Just who the group Kairos is, I'm not sure.  Last I heard it was a prison ministry, but then the term Kairos isn't copyrighted.  I really don't know.  Based on traditional Catholic teaching, the Pope can't 'change Church teaching.'  That doesn't mean a pope can't suck or take the Church into areas that create no end of problems and give two black eyes to the Gospel.  It remains to be seen with Pope Francis.  In our post-modern app-depth generation, it's probably entirely possible to construct a Church based on clear 2000 year old teachings while embracing the post-Christian secular Left.  After all, not a few Protestant traditions have done just that.  They've not technically changed much.  But in practice they are barely in any way connected to the Faith of their fathers. 

I remember a seminary professor who told us a story.  He was in Germany years and years ago.  It was Easter.  He attended the Easter services.  The preacher that morning was none other than Rudolf Bultmann, champion of the demythologizing of the New Testament.  That is, rather than dismiss everything that sniffs of supernatural in the manner of Jefferson, embrace the fact that the New Testament is just one big, awesome myth. 

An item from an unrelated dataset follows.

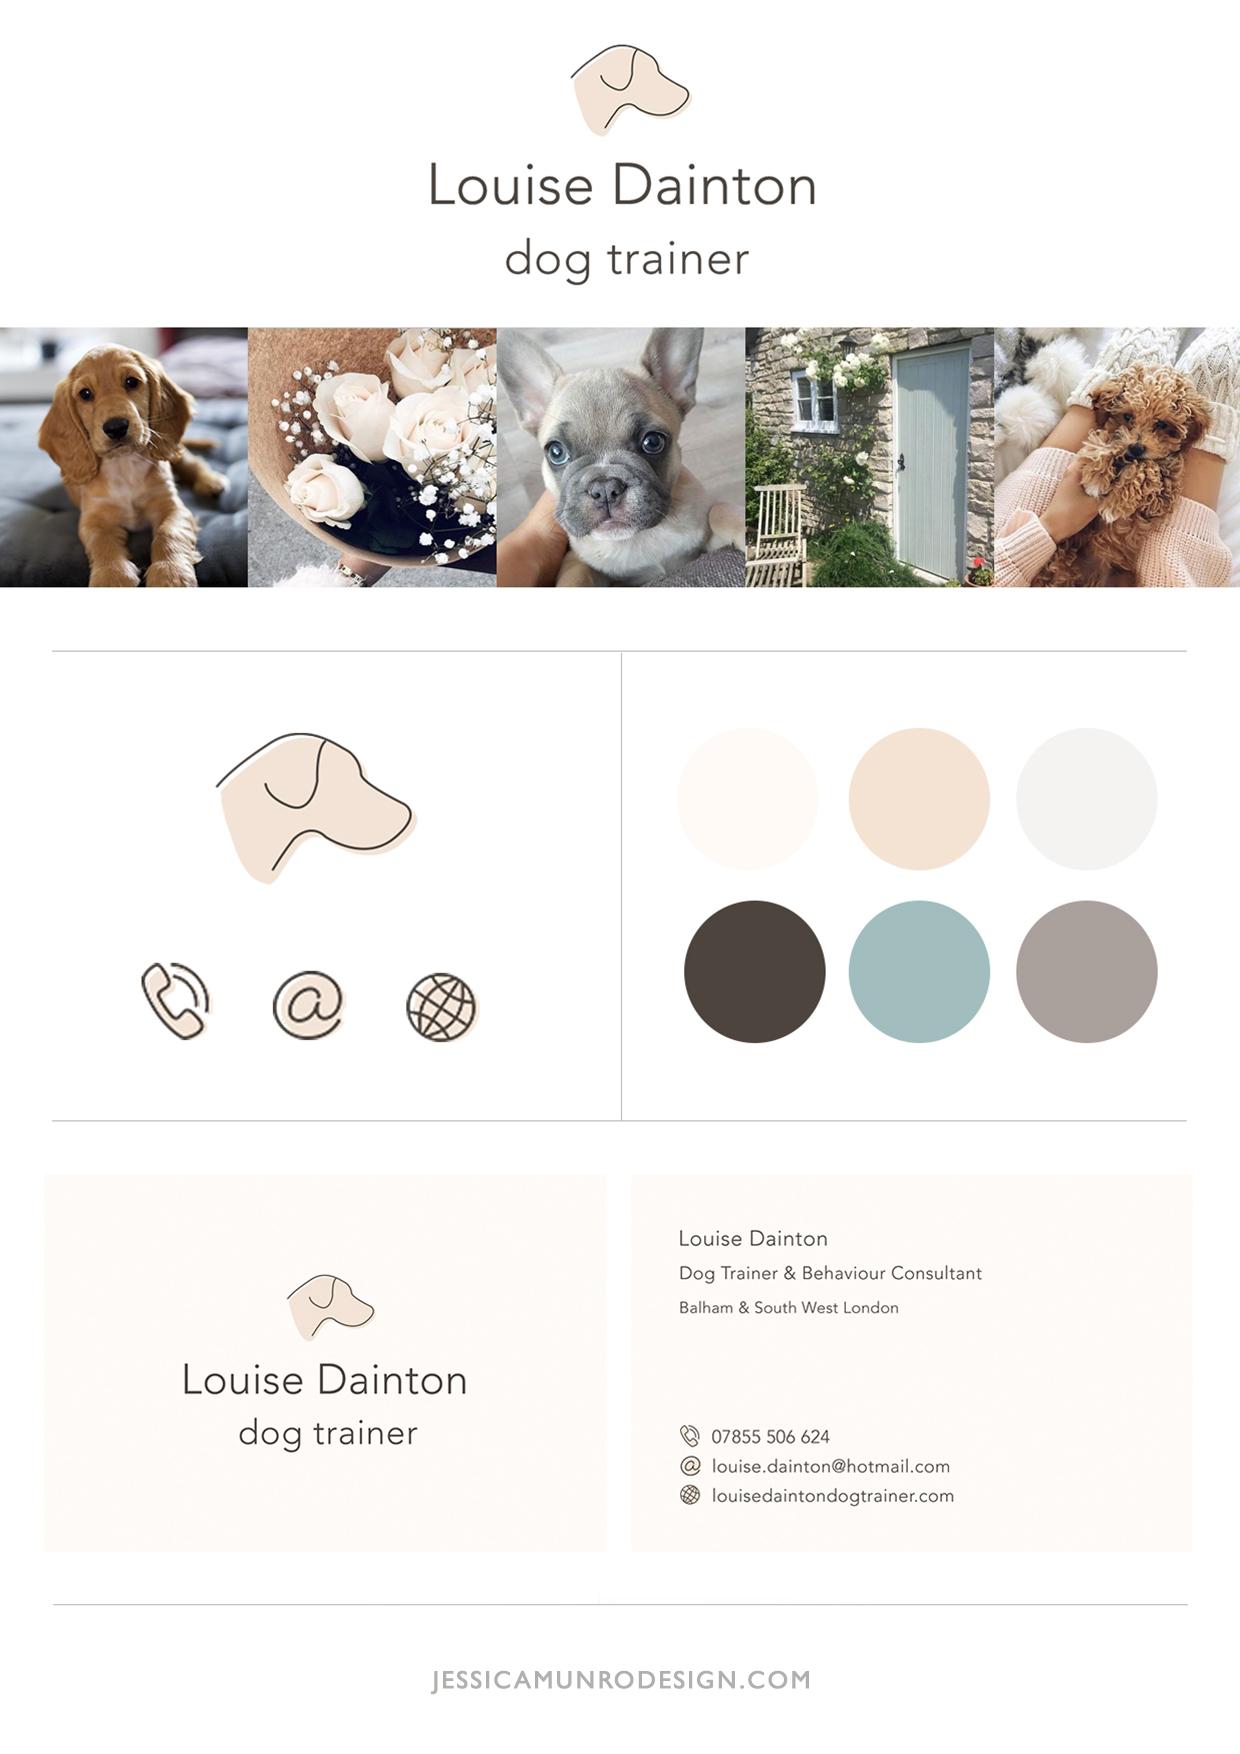 Branding & Web Design — Jessica Munro

And yet, on that Easter Sunday, while my professor watched in awe, Bultmann gave a sermon that would shame Billy Graham.  He opened his arms and proclaimed just how Jesus loved the world enough to die for our sins, only to raise from the dead and give eternal life to all.  Lesson.  In our age, perhaps in any age, it's entirely possible for some to proclaim one thing and really, really - I mean really - mean it within a completely different context than face value might suggest.

Again, we'll see.  Maybe it's nothing.  Maybe Pope Francis did no such thing.  Or maybe it's Francis continuing what the Church began in Vatican II, trying to adjust and adapt to the norms and standards of the victorious post-Christian Left.  But I am reminded of this - possibly the best evaluation of the current 'try to right the wrongs of the West' strategy of the Church:
When the Church is throwing out tools, they should be of less use to her outright enemies than to winnable neutrals.

I can't top that.  We'll see if it's a lesson the Church actually needs, or if it is one the Church has any intention of heeding.